# MoAA

This readme provides instructions for running the MoAA process, which includes Supervised Fine-Tuning (SFT) and Direct Preference Optimization (DPO) stages.
## Requirements
- Python 3.10+
- Pytorch 2.0+
- CUDA 11.8+
- VLLM
- HuggingFace
- OpenAI
- Transformers
- Datasets
- trl

## MoAA SFT (Supervised Fine-Tuning)

To run the SFT stage for MoAA, use the following commands:

```
# to run the SFT stage for LLaMA 3.1 8B
bash run_SFT_llama.sh
```

```
# to run the SFT stage for GEMMA 2 9B
bash run_SFT_gemma.sh
```

We have already generated the SFT dataset for this stage using the MoA appraoch, you can directly run the script above. Data can be found in `data/SFT/MoA_r1_4modelsWGQL` and `data/SFT/UC5k_MoA_r1_4modelsWGQL`. 

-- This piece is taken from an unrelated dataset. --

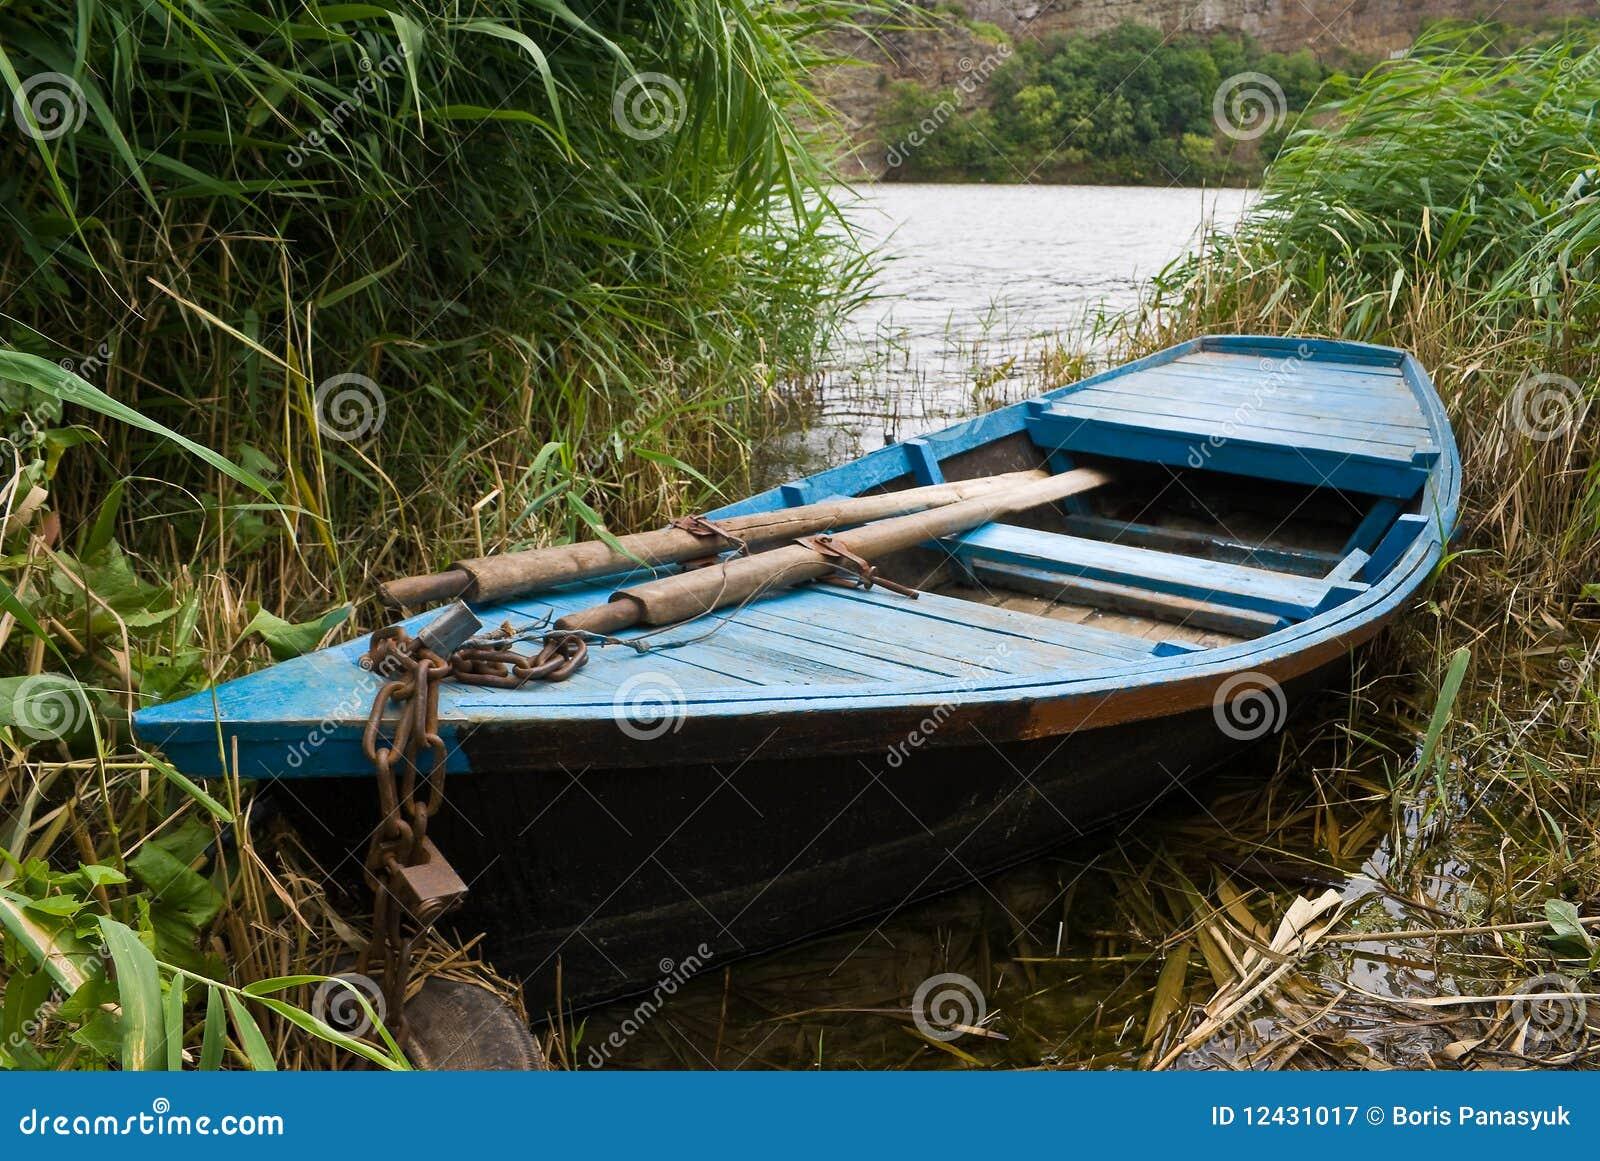 Old Wooden Fishing Boats Old wooden fishing boat

#### Generate SFT dataset by yourself
However, you can also generate the SFT dataset by yourself. Please refer to the `generate_for_Ultrachat.py` and `generate_for_UC5k.py` in `MoA/Stage 1`. You can

```
cd MoA/Stage 1
bash run_generate_Ultrafeedback_data.sh
```
to generate the data for Ultrafeedback. 

For Ultrachat, since it is multi-turn, you need to first run
```
run_generate_ultrachat_r0.sh
```
to generate the data for Ultrachat for each proposer. You should get the paths of the data you generated and then put it in the `run_generate_ultrachat_r1.sh` file. Then you can run
```
cd MoA/Stage 1
bash run_generate_ultrachat_r1.sh
```
to generate the data for Ultrachat.

## MoAA DPO (Direct Preference Optimization)

To run the DPO stage for MoAA, use the following commands:

```
# to run the DPO stage for LLaMA 3.1 8B
bash run_DPO_llama.sh
```

```
# to run the DPO stage for GEMMA 2 9B
bash run_DPO_gemma.sh
```

However, in order to run the DPO stage, you need to first run the SFT stage as we didn't include the SFT model in the repo due to the large size. After your SFT is done, you should first generate the DPO dataset by yourself. You can first generate candidate responses using code in `MoA/Stage 1`:

```
cd MoA/Stage 2
bash generate_preference_data.sh
```
Then you can use a reward model to generate the preference data. We use the [ArmoRM](https://huggingface.co/RLHFlow/ArmoRM-Llama3-8B-v0.1) reward model for this code base. Our MoA as a reward model will be added soon after more review and cleaning. You can run the following command to generate the preference data with the reward model after your specify the paths of the candidate responses in the bash script:

```
bash generate_preference_data_RM.sh
```

After you get the preference data, you can run the DPO stage shown above to start the training.